Савченко не сидел за столом. Он стоял у окна, спиной к двери, и его силуэт в этом сумраке казался вырезанным из черного картона.
— Садись, Аня.
Голос прозвучал мягко, почти ласково, но в этой мягкости таилась вязкость болота. Анна не шелохнулась. Ремешок камеры на шее вдруг стал невыносимо тяжелым, врезаясь в позвонки. Она чувствовала себя так, словно её выставили на витрину под мощные софиты, хотя в комнате едва можно было разглядеть собственные пальцы.
Савченко медленно обернулся. В его руке был пузатый бокал; янтарная жидкость лениво плескалась о стенки, ловя скудные блики света.
— Я видел твой «репортаж» на кухне сегодня утром, — он сделал крошечный глоток, не сводя с неё глаз.
— Разбитая тарелка. Мать в истерике. Отец, который смотрит сквозь тебя, как через пустое место. Очень... кинематографично.
Холод, начавшийся где-то в районе желудка, мгновенно разлился по конечностям. Пальцы онемели. Откуда он мог знать? Невидимые нити, которые он протянул по всей школе, теперь казались петлями, затянутыми на дверных ручках её собственного дома.
— Ты ведь думаешь, что камера делает тебя невидимой, — он шагнул из тени, и свет полоснул его по лицу, обнажая хищный изгиб губ.
— Что если ты смотришь через линзу, то мир не может смотреть на тебя. Но правда в том, Аня, что ты просто прячешься в расфокусе. Ты — тень, которая боится собственного голоса.
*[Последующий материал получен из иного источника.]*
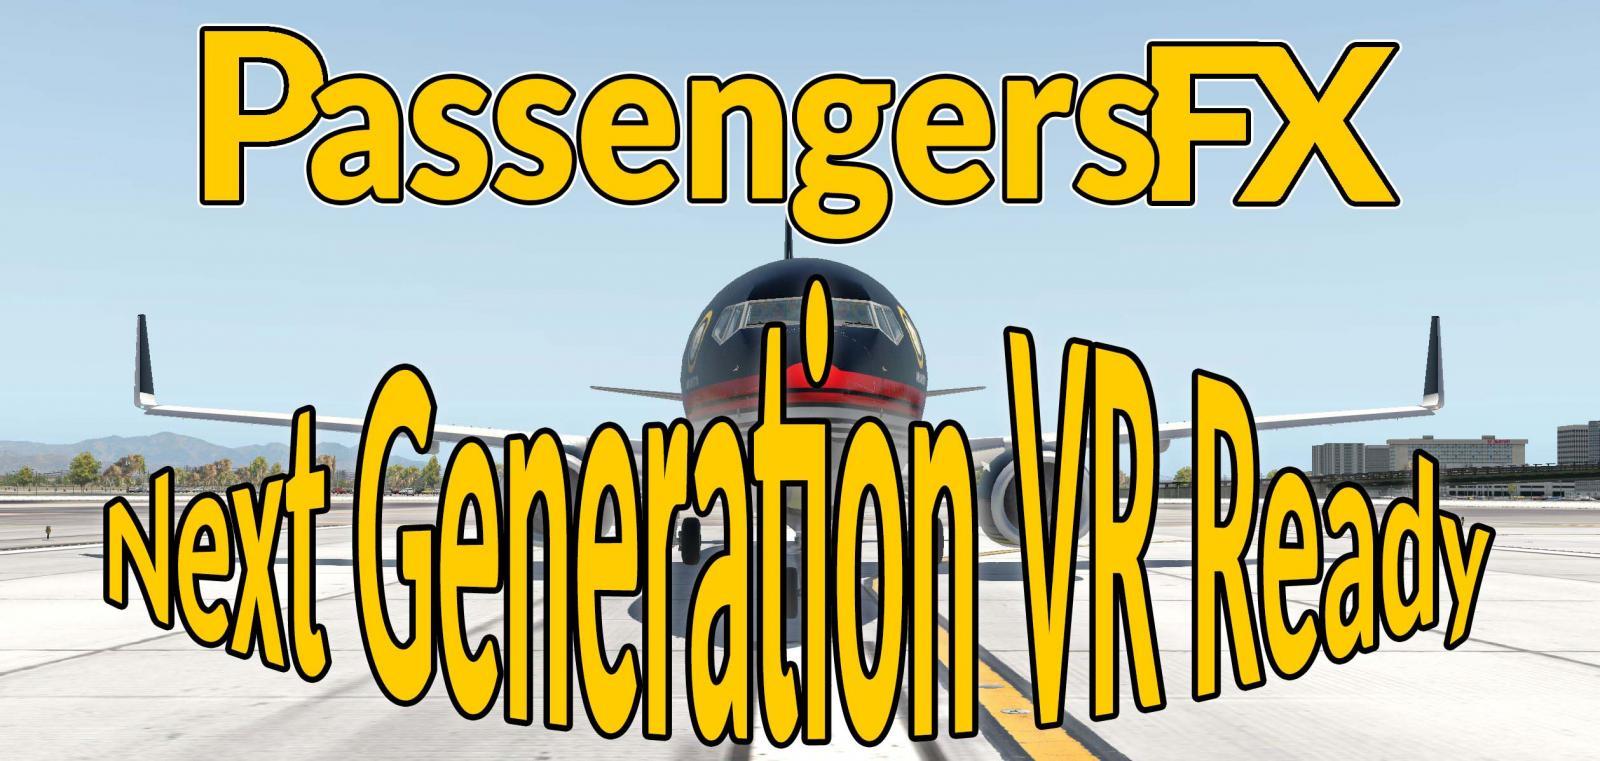 Passengersfx Ng Next Generation Vr Ready Basic Edition

Он подошел вплотную. Запах коньяка стал невыносимо острым, смешиваясь с ароматом его дорогого парфюма — чем-то холодным и металлическим. Савченко протянул руку и кончиками пальцев коснулся объектива её камеры. Жест был почти интимным и в то же время омерзительно властным.
— Посмотри на себя. Грязь на коленях. Дрожащие руки. Ты — идеальная жертва для таких, как Лера. И знаешь, что самое смешное? Никто не придет на помощь. Твои родители слишком заняты уничтожением друг друга, чтобы заметить, как уничтожают тебя.
Анна хотела отшатнуться, но спина уже уперлась в холодное дерево двери. Стены кабинета, заставленные стеллажами с кожаными корешками книг, словно начали сдвигаться, уменьшая пространство до размеров гроба.
— Без меня ты — просто помеха в кадре, — его шепот вибрировал в самом воздухе, заставляя волоски на руках встать дыбом.
— Ошибка экспозиции, которую город сотрет и не заметит. Я предлагаю тебе сделку, Аня. Я дам тебе имя. Я сделаю так, что Лера будет бояться даже дышать в твою сторону. Я дам тебе силу, о которой ты не смеешь мечтать.
Он отстранился, давая ей глоток отравленного воздуха, и снова поднес бокал к губам.
— Твоя камера — это щит, Аня. Но щиты ломаются под первым же серьезным ударом. Они пассивны. Они только принимают боль.
Савченко поставил бокал на край стола и указал на черный чехол, прислоненный к креслу.
— Гитара — это оружие. Она не просто защищает, она бьет в ответ. Она заставляет мир резонировать под твоими пальцами. Выбирай. Остаться прозрачным пятном на сером фоне или взять в руки то, что заставит их всех замолчать.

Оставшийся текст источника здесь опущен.